▸ **Your goal**: Your task is to copy every record exactly.

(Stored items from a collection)
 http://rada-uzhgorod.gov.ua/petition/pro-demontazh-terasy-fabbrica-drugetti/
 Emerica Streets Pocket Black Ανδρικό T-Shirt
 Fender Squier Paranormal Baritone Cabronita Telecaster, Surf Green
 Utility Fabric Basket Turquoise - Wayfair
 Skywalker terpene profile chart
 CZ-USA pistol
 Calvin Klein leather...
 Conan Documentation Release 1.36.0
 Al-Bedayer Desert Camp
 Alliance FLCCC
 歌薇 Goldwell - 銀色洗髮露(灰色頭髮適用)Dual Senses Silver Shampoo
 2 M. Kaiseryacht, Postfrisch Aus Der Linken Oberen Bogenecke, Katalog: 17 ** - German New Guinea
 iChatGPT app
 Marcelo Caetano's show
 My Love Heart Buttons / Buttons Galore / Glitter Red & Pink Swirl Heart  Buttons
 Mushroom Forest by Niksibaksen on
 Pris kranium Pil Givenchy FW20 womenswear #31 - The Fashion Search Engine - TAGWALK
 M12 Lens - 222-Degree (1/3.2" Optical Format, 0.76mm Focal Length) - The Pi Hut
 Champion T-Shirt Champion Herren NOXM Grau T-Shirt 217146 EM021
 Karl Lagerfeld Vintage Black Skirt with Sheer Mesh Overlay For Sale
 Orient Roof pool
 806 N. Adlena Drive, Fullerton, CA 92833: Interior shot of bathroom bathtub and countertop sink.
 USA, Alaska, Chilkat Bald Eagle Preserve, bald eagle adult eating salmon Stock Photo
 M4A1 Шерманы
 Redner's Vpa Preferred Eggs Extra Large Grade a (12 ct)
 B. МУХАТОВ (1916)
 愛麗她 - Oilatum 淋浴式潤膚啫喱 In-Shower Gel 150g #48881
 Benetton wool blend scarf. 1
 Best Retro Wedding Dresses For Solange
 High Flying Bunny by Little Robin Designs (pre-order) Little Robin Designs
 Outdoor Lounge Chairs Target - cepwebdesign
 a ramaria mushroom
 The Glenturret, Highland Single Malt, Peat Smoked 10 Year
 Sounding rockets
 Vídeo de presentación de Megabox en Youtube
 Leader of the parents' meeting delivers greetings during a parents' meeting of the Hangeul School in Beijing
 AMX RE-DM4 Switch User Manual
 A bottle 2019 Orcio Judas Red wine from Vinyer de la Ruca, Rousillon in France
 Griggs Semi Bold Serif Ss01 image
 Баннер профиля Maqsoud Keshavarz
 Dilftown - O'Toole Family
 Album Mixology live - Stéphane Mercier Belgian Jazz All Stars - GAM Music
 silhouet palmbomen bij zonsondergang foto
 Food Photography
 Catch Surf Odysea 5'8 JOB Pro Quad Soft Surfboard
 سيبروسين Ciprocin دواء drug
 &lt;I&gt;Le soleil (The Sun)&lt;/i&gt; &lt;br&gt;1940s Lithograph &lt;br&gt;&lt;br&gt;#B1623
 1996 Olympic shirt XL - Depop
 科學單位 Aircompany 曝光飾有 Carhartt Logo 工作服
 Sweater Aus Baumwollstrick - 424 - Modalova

▸ **Problem solution**:
 http://rada-uzhgorod.gov.ua/petition/pro-demontazh-terasy-fabbrica-drugetti/
 Emerica Streets Pocket Black Ανδρικό T-Shirt
 Fender Squier Paranormal Baritone Cabronita Telecaster, Surf Green
 Utility Fabric Basket Turquoise - Wayfair
 Skywalker terpene profile chart
 CZ-USA pistol
 Calvin Klein leather...
 Conan Documentation Release 1.36.0
 Al-Bedayer Desert Camp
 Alliance FLCCC
 歌薇 Goldwell - 銀色洗髮露(灰色頭髮適用)Dual Senses Silver Shampoo
 2 M. Kaiseryacht, Postfrisch Aus Der Linken Oberen Bogenecke, Katalog: 17 ** - German New Guinea
 iChatGPT app
 Marcelo Caetano's show
 My Love Heart Buttons / Buttons Galore / Glitter Red & Pink Swirl Heart  Buttons
 Mushroom Forest by Niksibaksen on
 Pris kranium Pil Givenchy FW20 womenswear #31 - The Fashion Search Engine - TAGWALK
 M12 Lens - 222-Degree (1/3.2" Optical Format, 0.76mm Focal Length) - The Pi Hut
 Champion T-Shirt Champion Herren NOXM Grau T-Shirt 217146 EM021
 Karl Lagerfeld Vintage Black Skirt with Sheer Mesh Overlay For Sale
 Orient Roof pool
 806 N. Adlena Drive, Fullerton, CA 92833: Interior shot of bathroom bathtub and countertop sink.
 USA, Alaska, Chilkat Bald Eagle Preserve, bald eagle adult eating salmon Stock Photo
 M4A1 Шерманы
 Redner's Vpa Preferred Eggs Extra Large Grade a (12 ct)
 B. МУХАТОВ (1916)
 愛麗她 - Oilatum 淋浴式潤膚啫喱 In-Shower Gel 150g #48881
 Benetton wool blend scarf. 1
 Best Retro Wedding Dresses For Solange
 High Flying Bunny by Little Robin Designs (pre-order) Little Robin Designs
 Outdoor Lounge Chairs Target - cepwebdesign
 a ramaria mushroom
 The Glenturret, Highland Single Malt, Peat Smoked 10 Year
 Sounding rockets
 Vídeo de presentación de Megabox en Youtube
 Leader of the parents' meeting delivers greetings during a parents' meeting of the Hangeul School in Beijing
 AMX RE-DM4 Switch User Manual
 A bottle 2019 Orcio Judas Red wine from Vinyer de la Ruca, Rousillon in France
 Griggs Semi Bold Serif Ss01 image
 Баннер профиля Maqsoud Keshavarz
 Dilftown - O'Toole Family
 Album Mixology live - Stéphane Mercier Belgian Jazz All Stars - GAM Music
 silhouet palmbomen bij zonsondergang foto
 Food Photography
 Catch Surf Odysea 5'8 JOB Pro Quad Soft Surfboard
 سيبروسين Ciprocin دواء drug
 &lt;I&gt;Le soleil (The Sun)&lt;/i&gt; &lt;br&gt;1940s Lithograph &lt;br&gt;&lt;br&gt;#B1623
 1996 Olympic shirt XL - Depop
 科學單位 Aircompany 曝光飾有 Carhartt Logo 工作服
 Sweater Aus Baumwollstrick - 424 - Modalova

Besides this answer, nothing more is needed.